简体   繁体   English

静态数组与动态数组的C / C ++性能

[英]C/C++ performance of static arrays vs dynamic arrays

When performance is essential to an application, should consideration be given whether to declare an array on the stack vs the heap? 当性能对应用程序至关重要时,应该考虑是否在堆栈上声明一个数组而不是堆? Allow me to outline why this question has come to mind. 请允许我概述为什么会出现这个问题。

Since arrays in C/C++ are not objects and decay to pointers, the compiler uses the provided index to perform pointer arithmetic to access elements. 由于C / C ++中的数组不是对象并且衰减为指针,因此编译器使用提供的索引来执行指针算法来访问元素。 My understanding is that this procedure differs from a statically declared array to a dynamically declared array when going past the first dimension. 我的理解是,当经过第一个维度时,此过程静态声明的数组不同,是动态声明的数组。

If I were to declare an array on the stack as follows; 如果我要在堆栈上声明一个数组,如下所示;

  int array[2][3] = { 0, 1, 2, 3, 4, 5 }
  //In memory        { row1 } { row2 }

This array would be stored in Row Major format in memory since it is stored in a contiguous block of memory. 该数组将以行主格式存储在内存中,因为它存储在连续的内存块中。 This means when I try to access an element in the array, the compiler must perform some addition and multiplication in order to ascertain the correct location. 这意味着当我尝试访问数组中的元素时,编译器必须执行一些加法和乘法才能确定正确的位置。

So if I were to do the following 所以如果我要做以下事情

  int x = array[1][2]; // x = 5

The compiler would then use this formula where: 然后编译器将使用以下公式:

i = row index j = column index n = size of a single row (here n = 2) i =行索引j =列索引n =单行的大小(此处n = 2)
array = pointer to first element array =指向第一个元素的指针

  *(array + (i*n) + j)
  *(array + (1*2) + 2)  

This means if I were to loop over this array to access each of its elements, an additional multiplication step is performed for each access by index. 这意味着如果我循环遍历此数组以访问其每个元素,则通过索引对每个访问执行额外的乘法步骤。

Now, in an array declared on the heap, the paradigm is different and requires a multi stage solution. 现在,在堆上声明的数组中,范例是不同的,需要一个多阶段解决方案。 Note: I could also use the C++ new operator here, but I believe there is no difference in how the data is represented. 注意:我也可以在这里使用C ++ new运算符,但我相信数据的表示方式没有区别。

  int ** array;
  int rowSize = 2;
  // Create a 2 by 3 2d array on the heap
  array = malloc(2 * sizeof(int*));
  for (int i = 0; i < 2; i++) {
      array[i] = malloc(3 * sizeof(int));
  }

  // Populating the array
  int number = 0;
  for (int i = 0; i < 2; i++) {
      for (int j = 0l j < 3; j++) {
          array[i][j] = number++;
      }
  }

Since the array is now dynamic, its representation is a one dimensional array of one dimensional arrays. 由于数组现在是动态的,因此其表示是一维数组的一维数组。 I will try to draw an ascii picture... 我会尝试绘制ascii图片......
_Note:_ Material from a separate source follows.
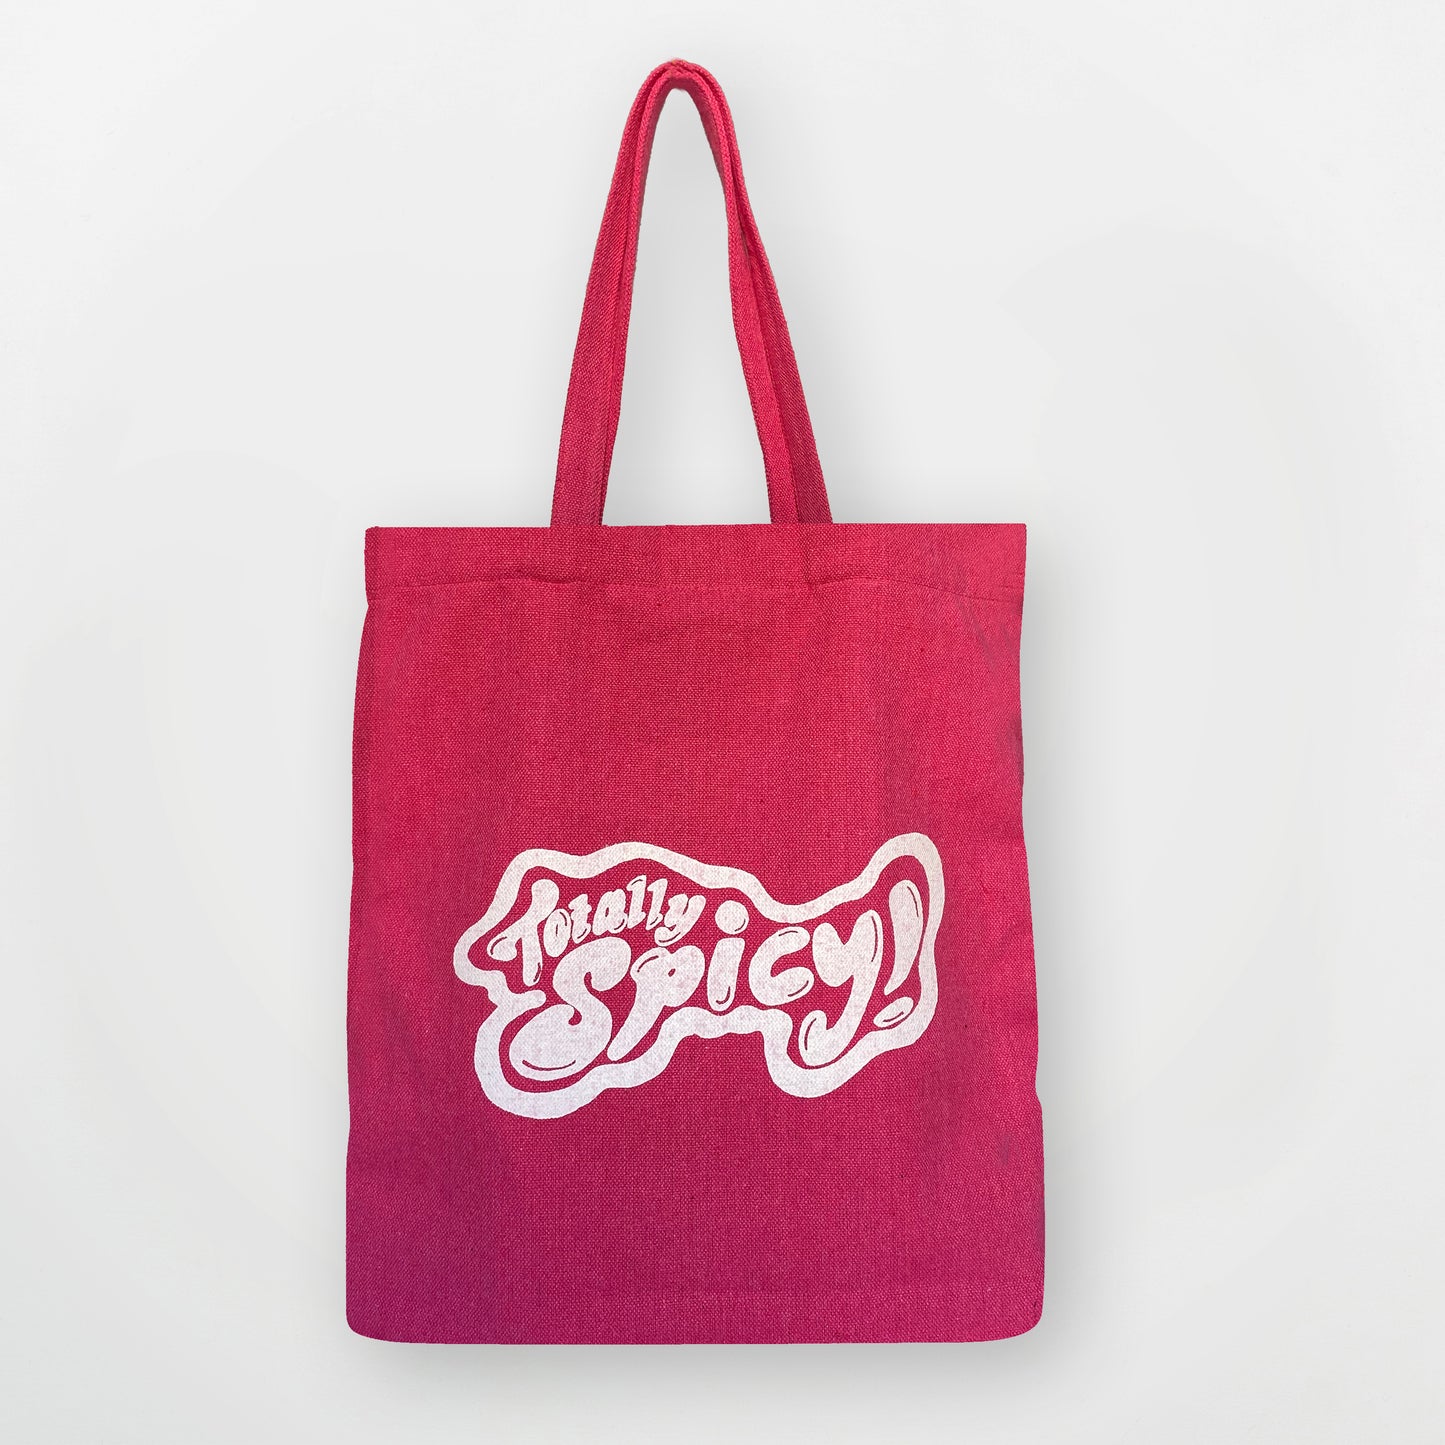 Totally spicy Tote Bag

              int *        int int int
int ** array-> [0]          0   1   2
               [1]          3   4   5

This would imply that multiplication is no longer involved right? 这意味着不再涉及乘法吗? If I were to do the following 如果我要做以下事情

int x = array[1][1];

This would then perform indirection/pointer arithmetic on array[1] to access a pointer to the second row and then perform this once again to access the second element. 然后,这将对array [1]执行间接/指针算法以访问指向第二行的指针,然后再次执行此操作以访问第二个元素。 Am I correct in saying this? 我说的是对的吗?

Now that there is some context, back to the question. 现在有一些背景,回到问题。 If I am writing code for an application that requires crisp performance, like a game which has around 0.016 seconds to render a frame, should I think twice about using an array on the stack vs the heap? 如果我正在为需要清晰性能的应用程序编写代码,比如渲染帧大约需要0.016秒的游戏,那么我应该三思而后行使用堆栈中的数组与堆相比? Now I realize there is a one time cost for using malloc or the new operator, but at a certain point (just like Big O analysis) when the data set becomes large, would one be better off iterating through a dynamic array to avoid row major indexing? 现在我意识到使用malloc或new运算符需要一次性成本,但是在某个时刻(就像Big O分析一样)当数据集变大时,最好通过动态数组迭代来避免行主索引?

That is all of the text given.